The statue was dedicated to the city in 1940.
Per TheHour, Rilling said the city was in discussions to relocate the statue when the Columbus Memorial Fund, a group that dedicated the statue to the city in 1940 and continues to maintain it to this day, “expressed concerns about the possibility of vandalism or outright destruction.”
“They asked the city to assist with moving the statue and we agreed,” Rilling said. “We felt this was the best outcome.”
The city did not say if the statue would be removed permanently or relocated.
“That’s a decision that rests with the Columbus Memorial Fund, who owns the statue,” said Josh Morgan, the city’s communications manager.
Patch.com reports the Christopher Columbus statue that has stood in front of Norwalk’s Heritage Wall on West Avenue for years will be removed in the near future, according to Mayor Harry Rilling.
When the statue, which was dedicated to the city in 1940, will be removed has not been announced, but it was set to be the focus this weekend of a protest for its removal, writes the Norwalk Hour.
In recent weeks, Christopher Columbus statues around the country have been defaced, toppled or otherwise removed due to protests over the famous explorer’s role in discovering the Americas, at the expense of the hemisphere’s indigenous people.
Rilling said that the decision to take down the statue came following discussions with the Columbus Memorial Fund, which harbored concerns over its future.
“While discussions were ongoing about the future and location of the statue, the Columbus Memorial Fund, who maintains the statue, reached out to me and expressed concerns about the possibility of vandalism or outright destruction,” Rilling said in a statement to Patch. “They asked the city to assist with moving the statue and we agreed. We felt this was the best outcome.”

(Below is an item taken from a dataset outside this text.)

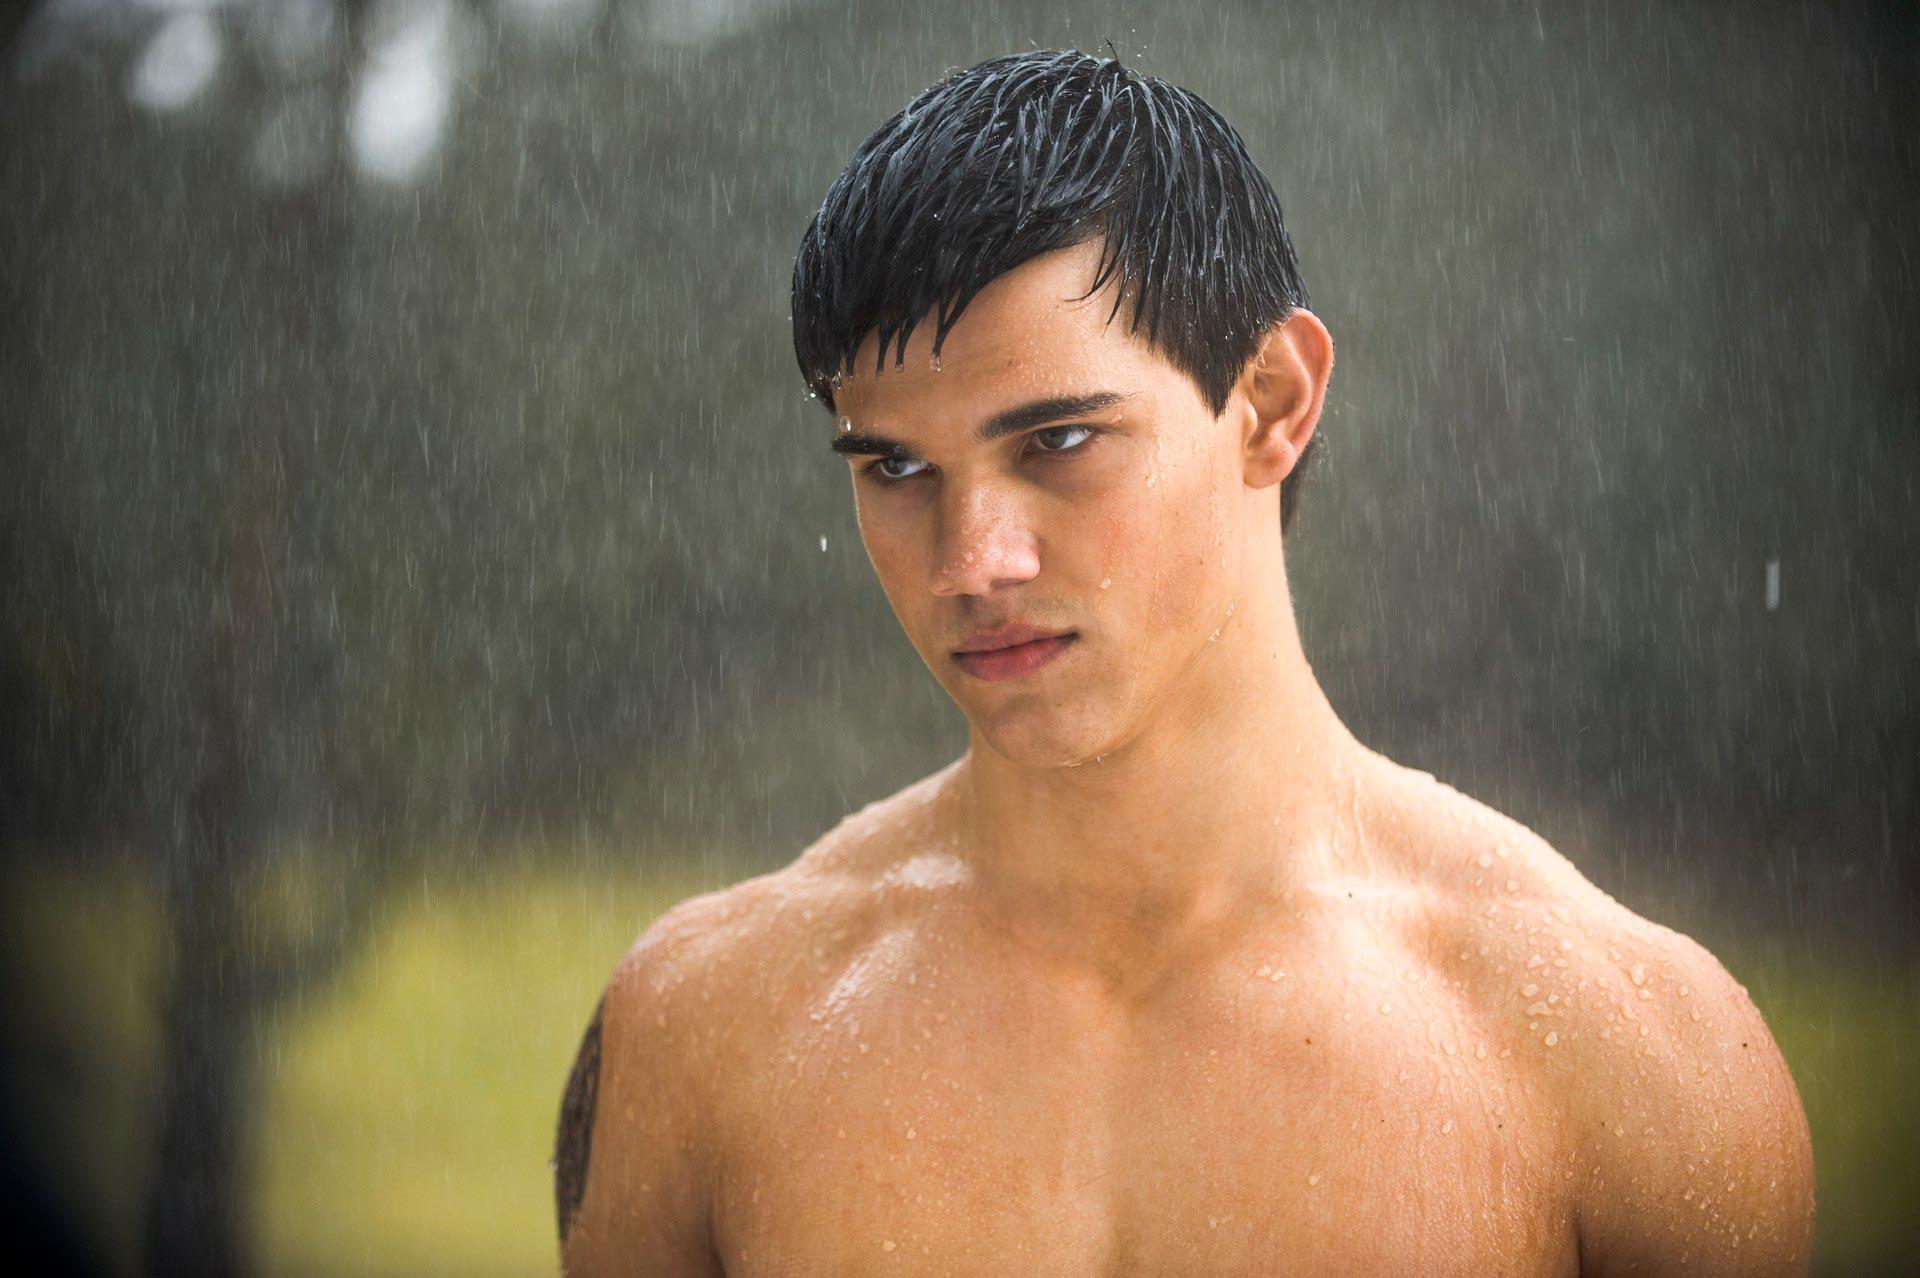 Taylor Lautner as Jacob Black

Earlier this month, Connecticut Youth Activists started a petition on Change.org to have the statue removed; as of Thursday more than 285 people had signed the petition toward a goal of 500 signatures. The group planned to deliver the petition to the mayor and Common Council upon completion.
“What this statue represents to our community as well as many other colonial monuments is violence, racism, marginalization, and the continued denial of the genocide of indigenous people,” the petition states.